QUESTION:

LORBIT=11 is probably the community "default" for generating projected band structures or projected density of states.
However, no dedicated section about what's actually being computed can be found.
One can only infer from pages like PROOUT(wiki/index.php/PROOUT), RPOCAR(wiki/index.php/PROCAR), LOCPROJ(wiki/index.php/LOCPROJ), LORBIT(wiki/index.php/LORBIT) that, for LORBIT=11, PAW projectors are used so that the projection is strictly within the PAW sphere (hence no need to set RWIGS).
However, after some digging, I find that in subroutine SPHPRO_FAST in sphpro.F, the actual projection coefficient has a prefactor PP%QTOT:
CSUM(NB,NK,II)=W%CPROJ(LMIND,NB,NK,ISP)*PP%QTOT(LP,L)*GCONJG(W%CPROJ(LMIND_,NB,NK,ISP))
this prefactor is calculated in `RAD_CHECK_QPAW` in radial.F during initialization and apparently is the radial distribution of the AE radial wavefunction (dot r and squared, read from POTCAR) integrated up to the PAW cutoff radius.
From my understanding, W%CPROJ it self is the projection coefficient and one only need to square it to obtain a real number and I'm quite puzzled by the appearance of PP%QTOT.

BEHAVIOR:

For elements with very spread valence orbitals, this perfector effectively quench the projection coefficients.
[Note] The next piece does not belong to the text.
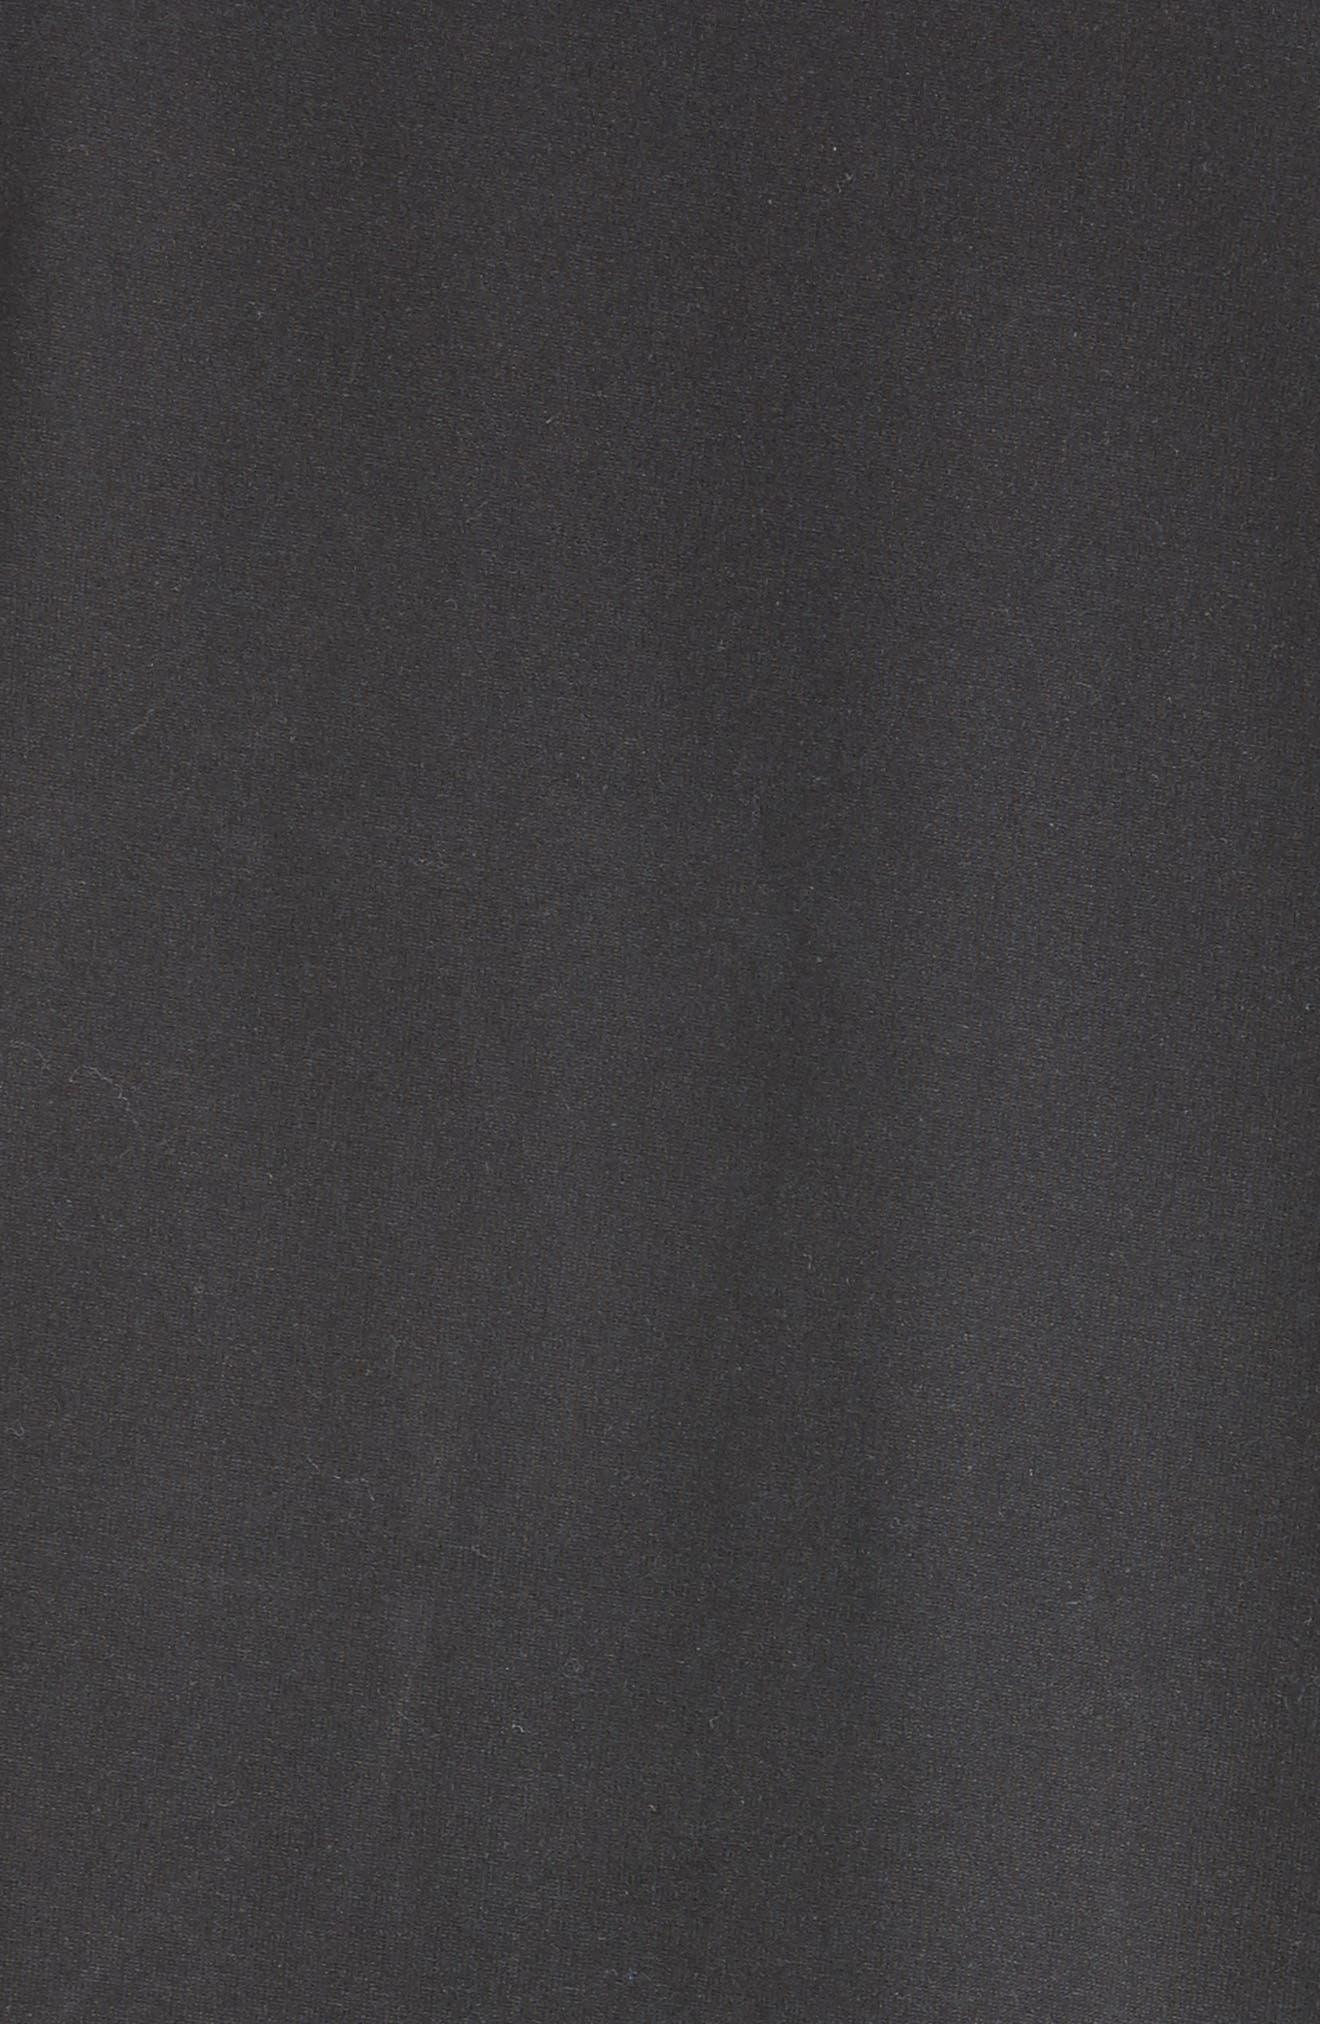 Brandon Pima Cotton T-Shirt,                             Alternate thumbnail 5, color,                             001

For example, using Na_sv, an isolated atom calculation yields a projection coefficient of 0.024 for the 3s orbital while the projection coefficient is 0.99 for 2s.
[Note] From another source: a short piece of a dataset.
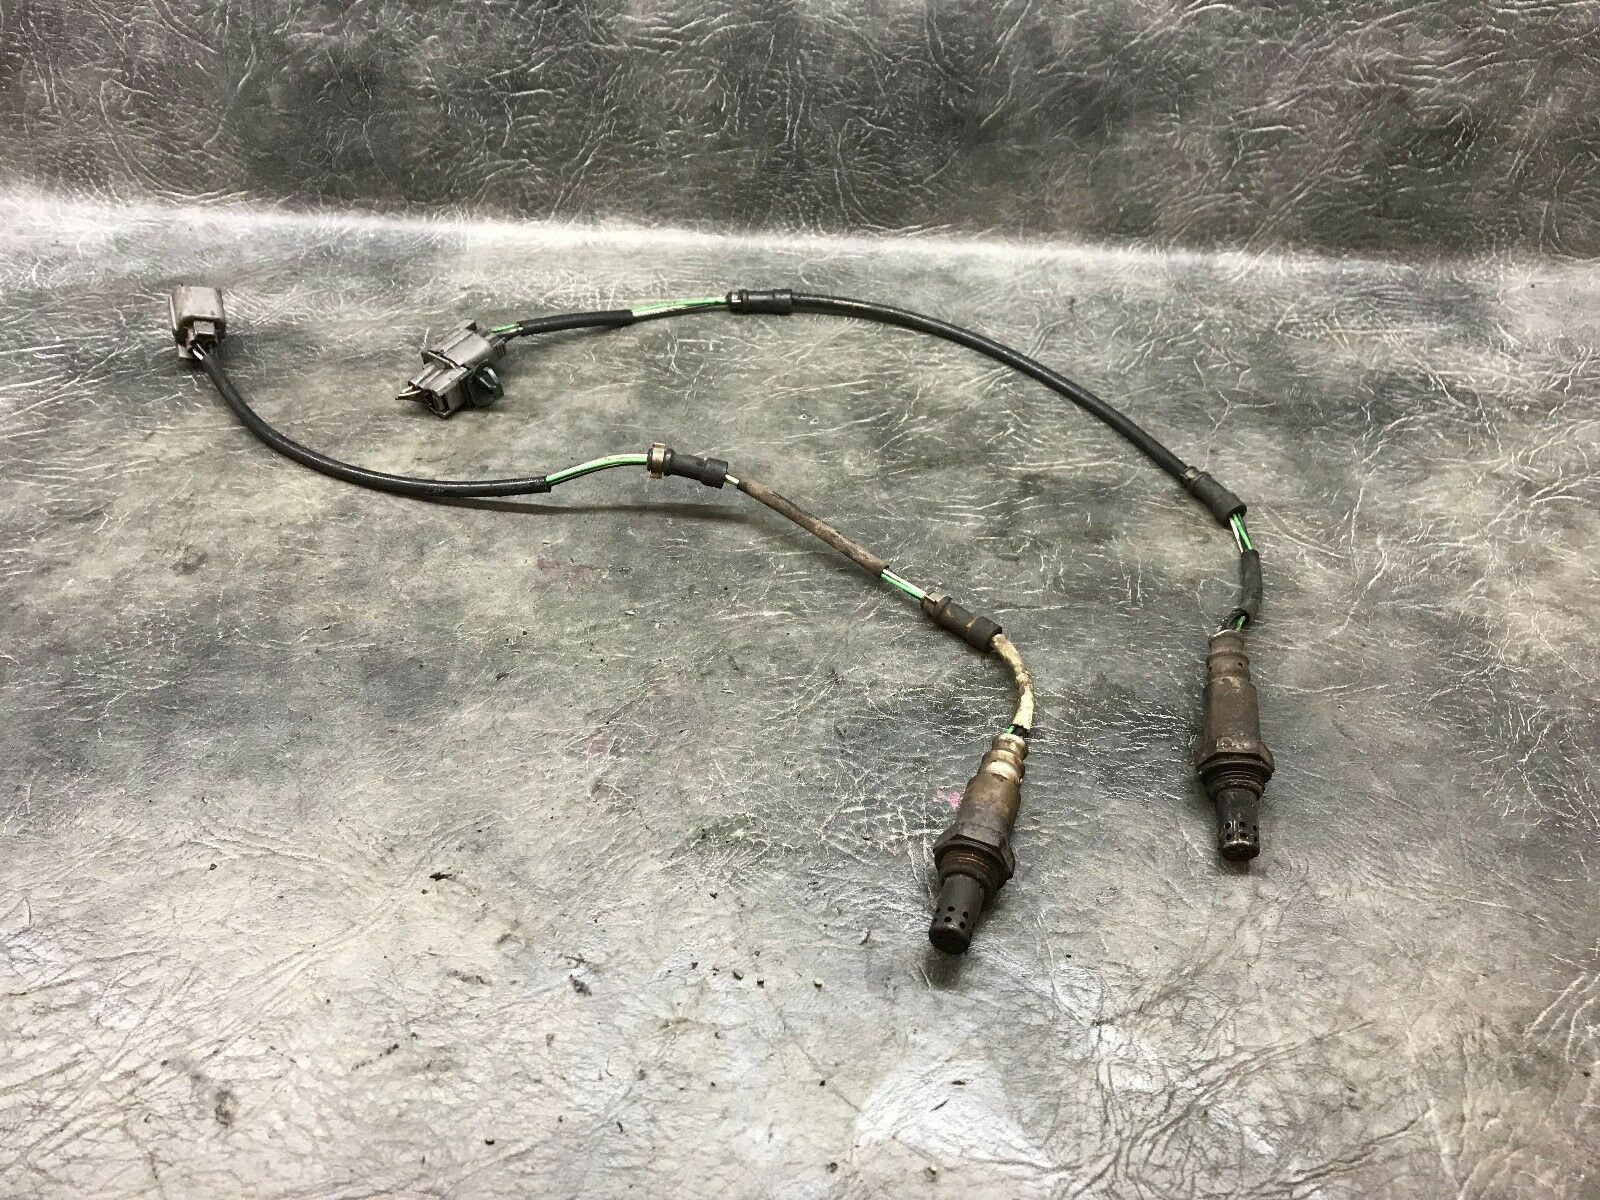 01-05 HONDA CIVIC MK7 5DR 1.4 I-VTEC LAMBDA SENSOR X 1

Deleting this pp%QTOT from mentioned prompts the projection coefficient for the 3s orbital to 0.99, as one would expect from an isolated atom calculation.
P.S. this behavior seems to persist in LOCPROJ with the PAW projectors as the SPLINE fit in locproj.F includes OPTPROJ which is obtained from QTOT in SET_OPT_PROJ in paw.F.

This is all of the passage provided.